Everyone who has attended public meetings of public entities is familiar with proceedings like this. For really complex issues with huge budgets, the time on the agenda for discussion is miniscule, even when the room is bursting with citizens wanting to speak. My favorite superquick bad decision by civic authorities who were faced with a question too large for their capacities was an event I wrote about over ten years ago in The Ashland Free Press – The Great McCloud Water Caper of 2003. Back in that faraway time, when many Rapeutationists were still becoming familiar with the pleasures of playing with their own joysticks and did not realize they would someday grow up to be zombies, the City of Dunsmuir, finding itself in possession of over a billion acre-feet of water drawn from the peaks of Mt. Shasta and other glacier-decked snowfields, sold it all to Nestle corporation for about $40,000. Thanks to some damn good luck, Judge Kosel’s nullification of the deal under the California Environmental Quality Act, although reversed on appeal, was ultimately given effect, and the insanely bad deal was scuttled.

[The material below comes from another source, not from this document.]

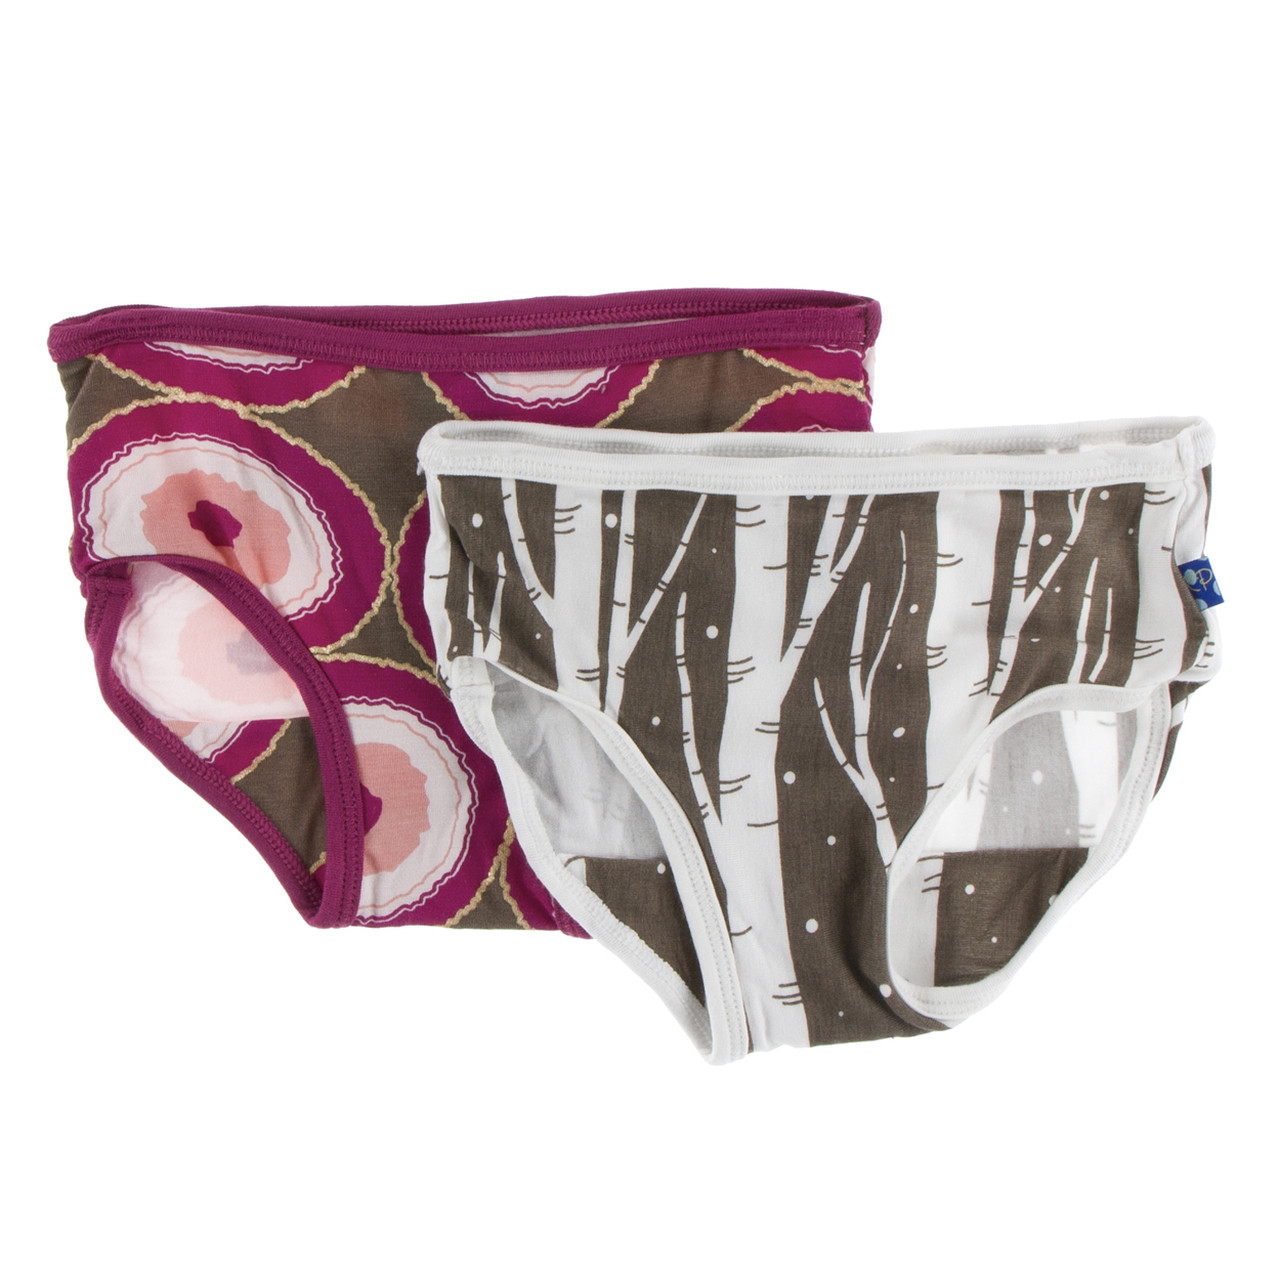 Kic Kee Pants KicKee Pants Girls Underwear, Set of 3, Prints and
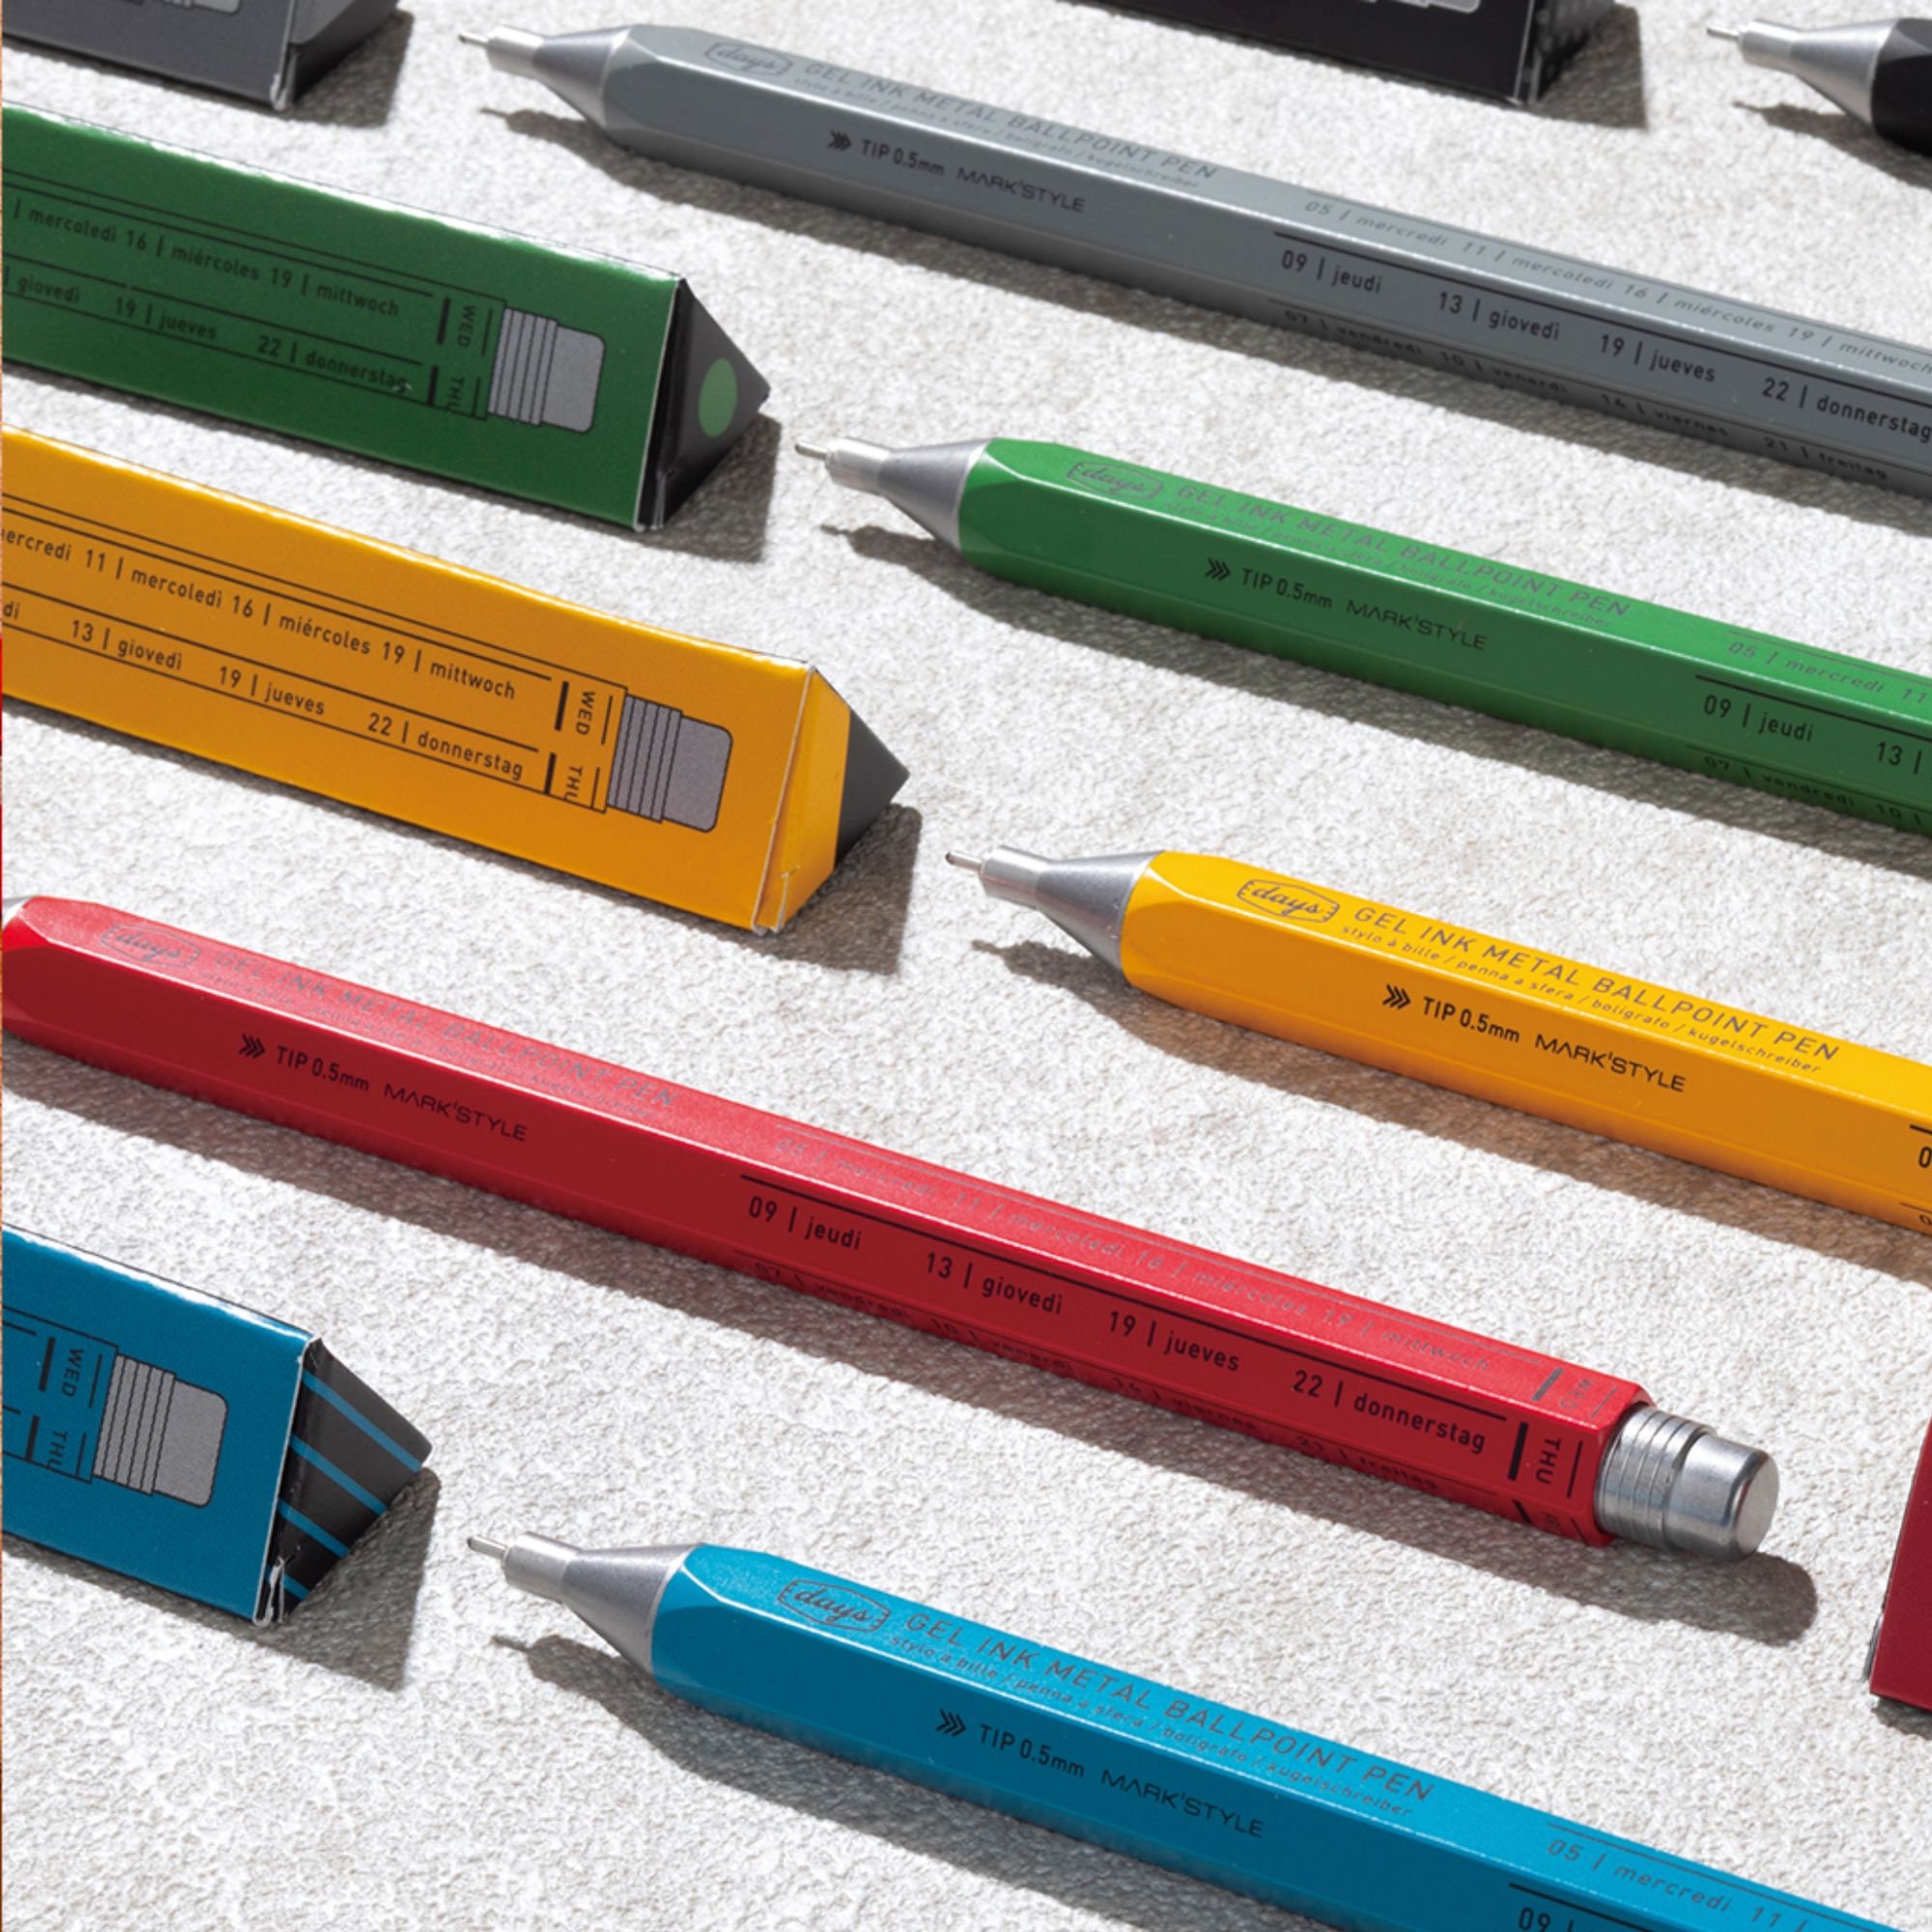 TUL Fine Writing Retractable Gel Pen with 2 Refills, Solid Metal Barrel, Medium Point, 0.7 mm, Gunmetal Barrel, Black & Blue Inks

So there you have it – another mystery handily solved by Charles Carreon. I was targeted for Rapeutation because I am a person perceived by Rapeutationists as an eminently misunderstandable person whose story would not challenge the mental capacities of the zombie horde. To misunderstand Judge Forrest’s opinion, Rapeutationists would have to read it, and at one-hundred and twelve pages, without Ken Popehat White, or Paul Aryan Levy to supply an agreed-upon distorted meaning, that’s just a non-starter. Zombies can’t march in formation without leaders. The employed among them have to write so many words per day, and it is the number of those words, not their sense, that rings their little toy cash-registers. As for structurally unemployed folks like Chris Recouvreur – they’re not afraid that the government is coming for them – hell, they’re White Patriots! Indeed, to be fair to Ken White, a site-specific search for “NDAA” at Popehat.com (ndaa site:popehat.com) does give us a nice list of posts that reveal Ken for exactly what he is, in my opinion — another Republican talking-points shill who dishes out crap to liberals who hassle his pointy-headed peers. Say it ain’t so, Ken!

You might ask what happens where Rapeutationists actually try to talk about something important, like the NDAA. It ain’t pretty. Back in 2012, the NDAA was up for “re-authorization,” that as Judge Forrest explained, was actually not a re-authorization at all, but rather, a surreptitious expansion to include powers never before wielded by any President. Rapo Mike Masnick at TechDirt, exercising his modest supply of grey matter, posted about some proposed expansions in the law. Not realizing this topic might require work he wasn’t equipped for, i.e., actual thought, Rapo Anonymous Coward lead off with this comment: “people hate people too much.” Granted, Anonymous Coward is an expert on the topic of hate – having a huge bile-sack in place of a prostate, and his fingers up the arse of a small army of sock-puppets to back him up when the rapo-action gets hot. But nihilists like Anonymous Coward always hit a dead end, and his next post revealed his true zombie nature, like a worm flicking from between the wizened cracks of his pie-hole:

“if there were no people, than it’s obvious that people would not have a problem with people…. thus people are both the source of the problem and the solution…”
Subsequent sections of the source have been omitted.